▸ Try it: For this exercise, copy exactly only the lines from the one containing "Row of second" to the final line of the material below, without the pictures.

▸ Raw data:
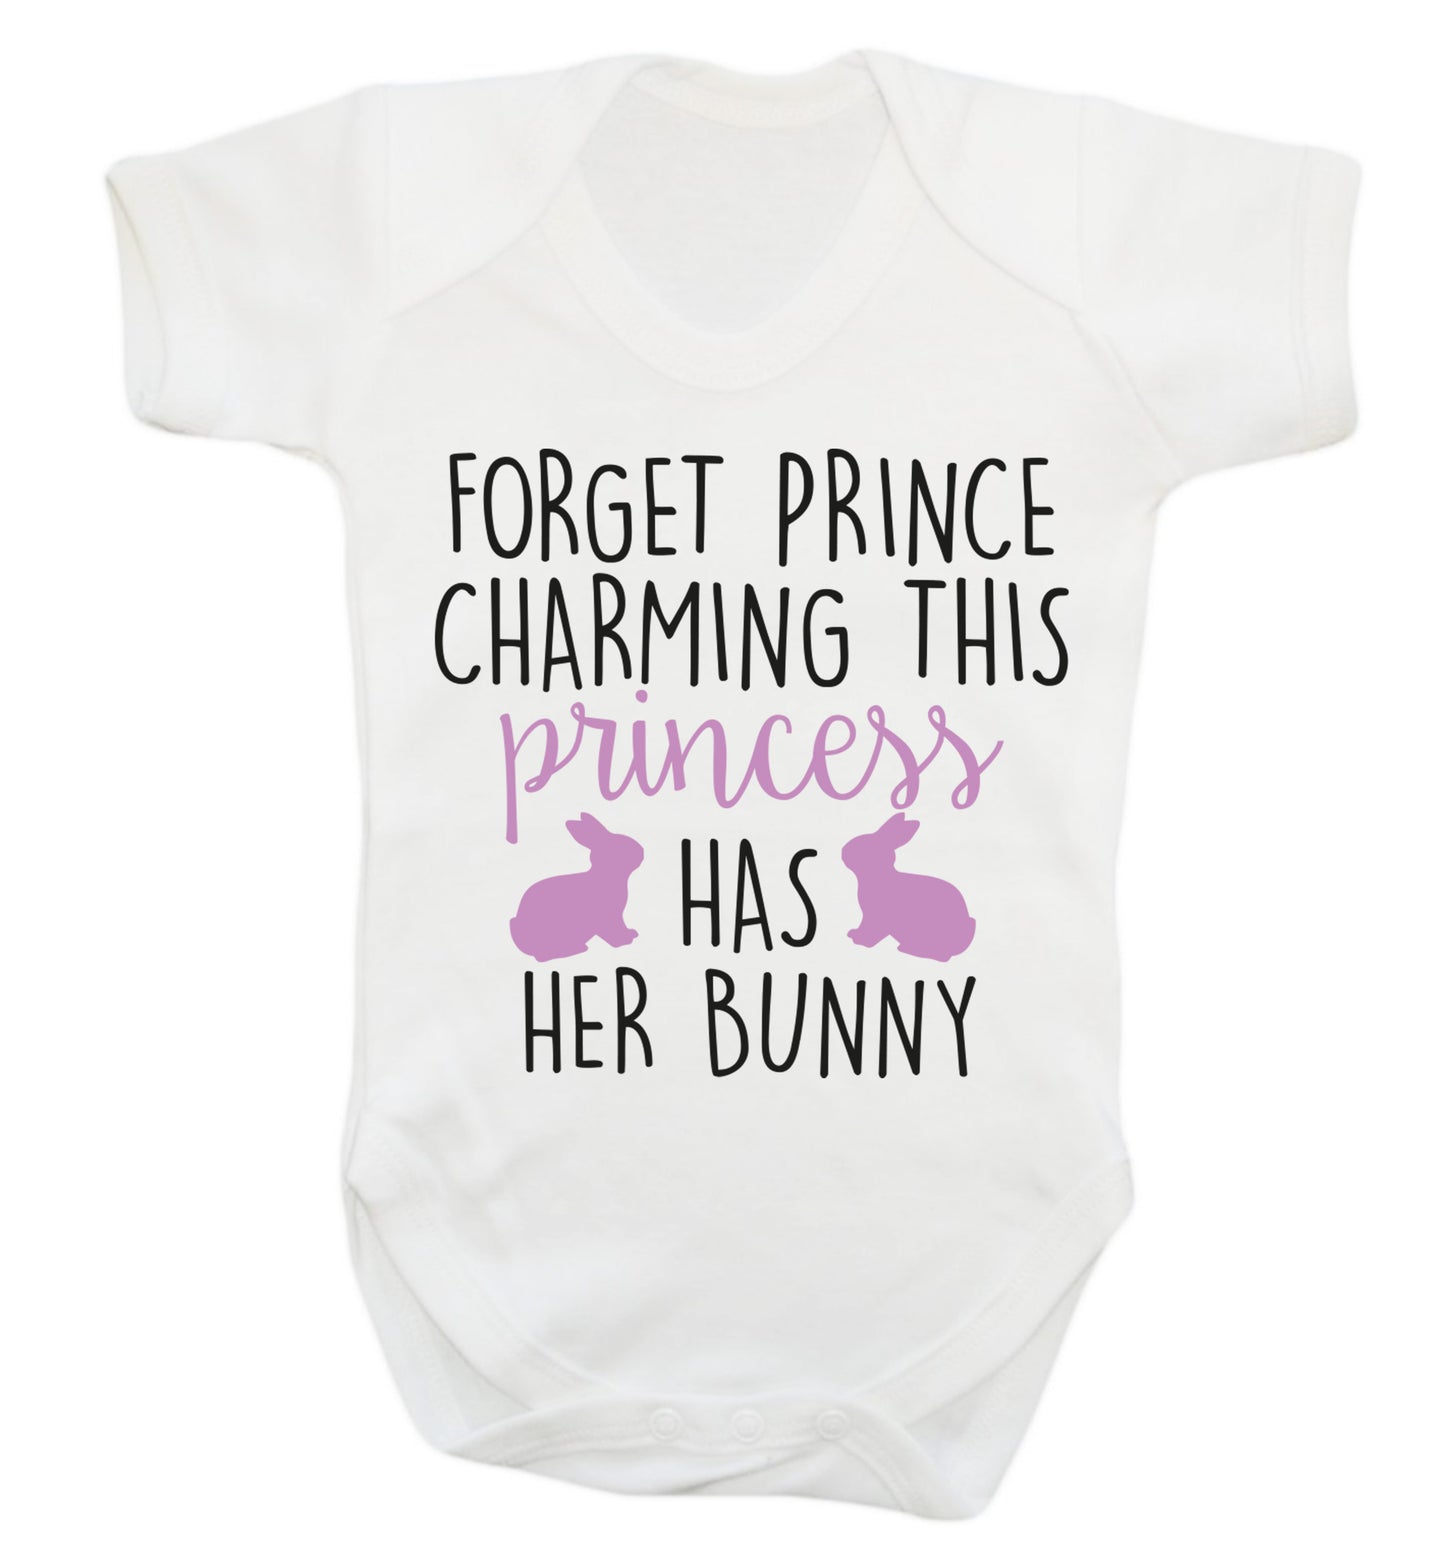 Forget prince charming this princess has her bunny Baby Vest white 18-24 months
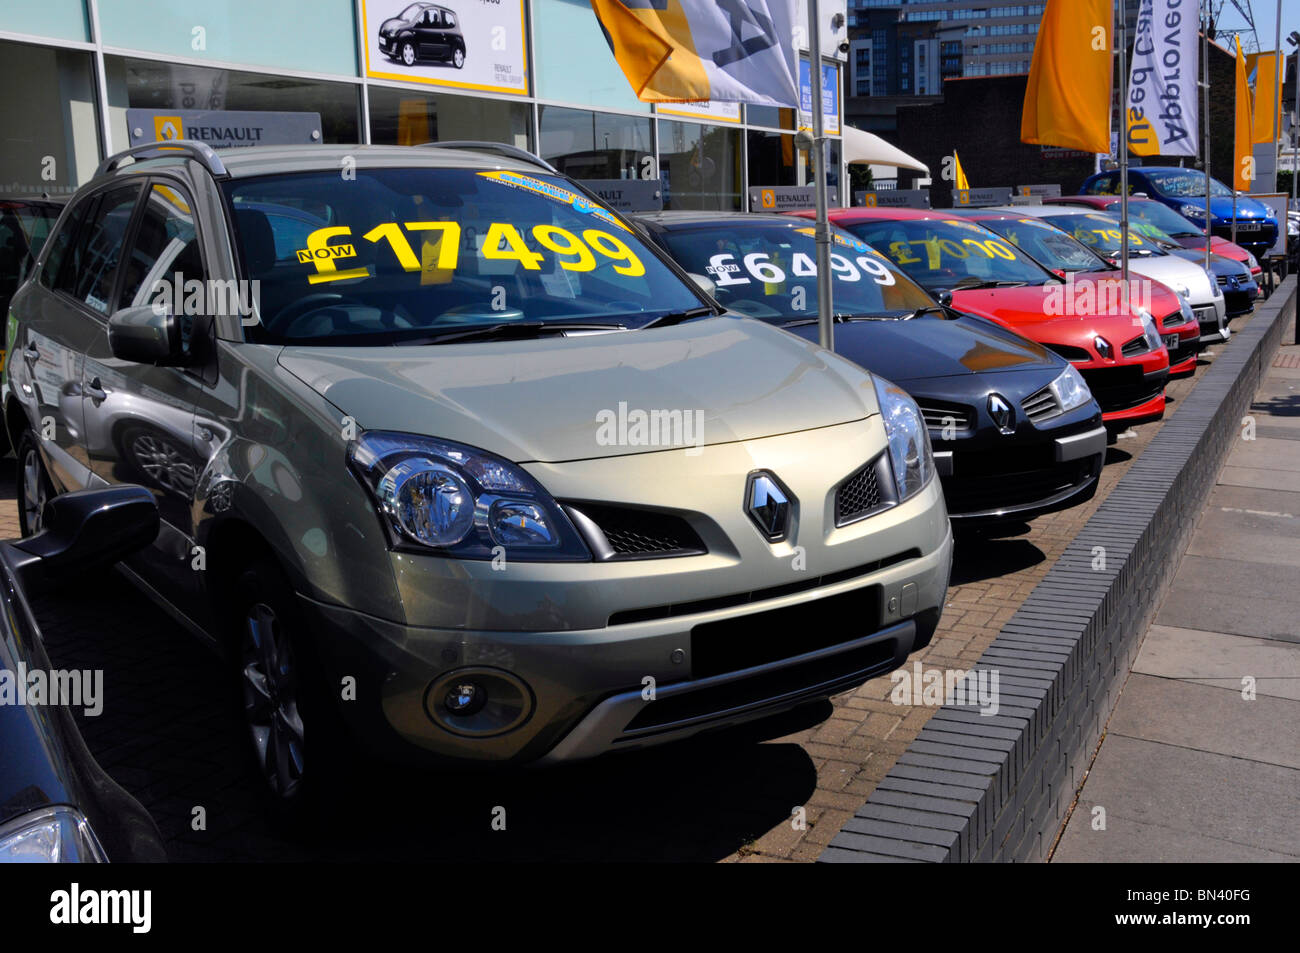 Row of second hand used cars outside Renault car dealer on a pavement forecourt displaying prices of each vehicle Ilford East London England UK Stock Photo
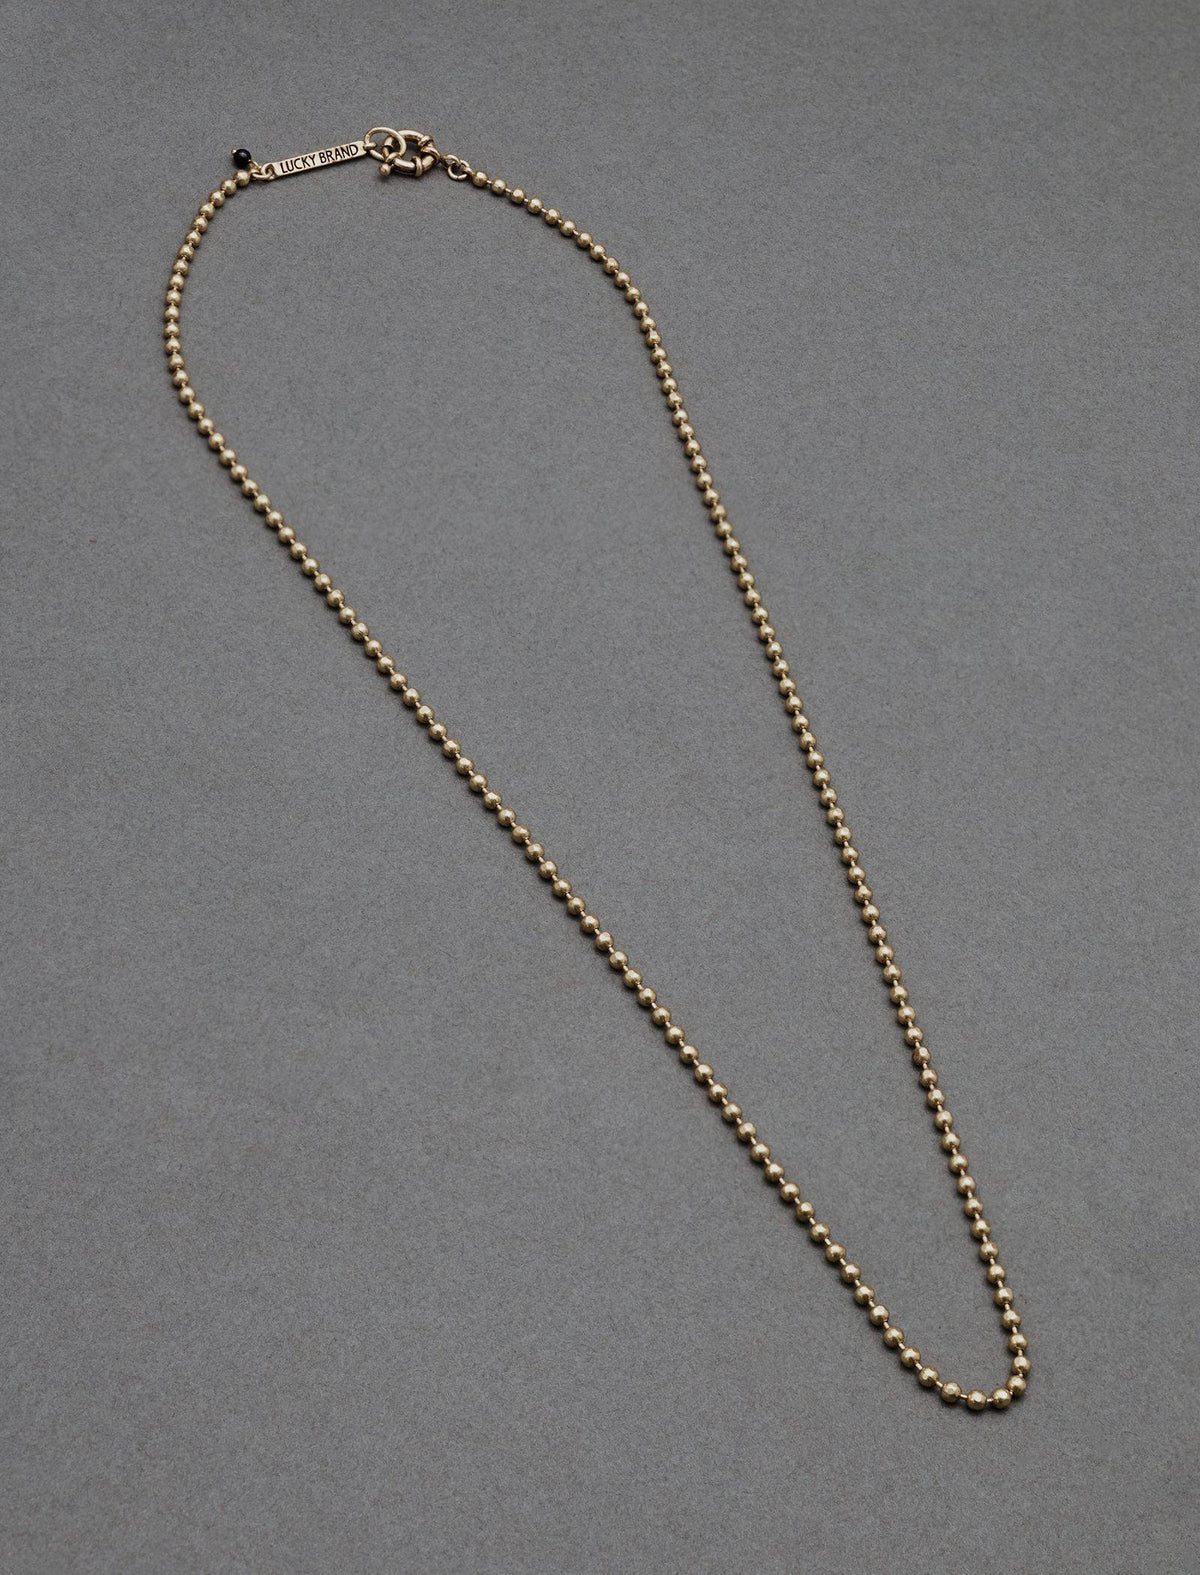 Lucky Brand Mens Chain Necklace - Women's Ladies Accessories Jewelry Necklace Pendants Gold

▸ Result:
 Row of second hand used cars outside Renault car dealer on a pavement forecourt displaying prices of each vehicle Ilford East London England UK Stock Photo
 Lucky Brand Mens Chain Necklace - Women's Ladies Accessories Jewelry Necklace Pendants Gold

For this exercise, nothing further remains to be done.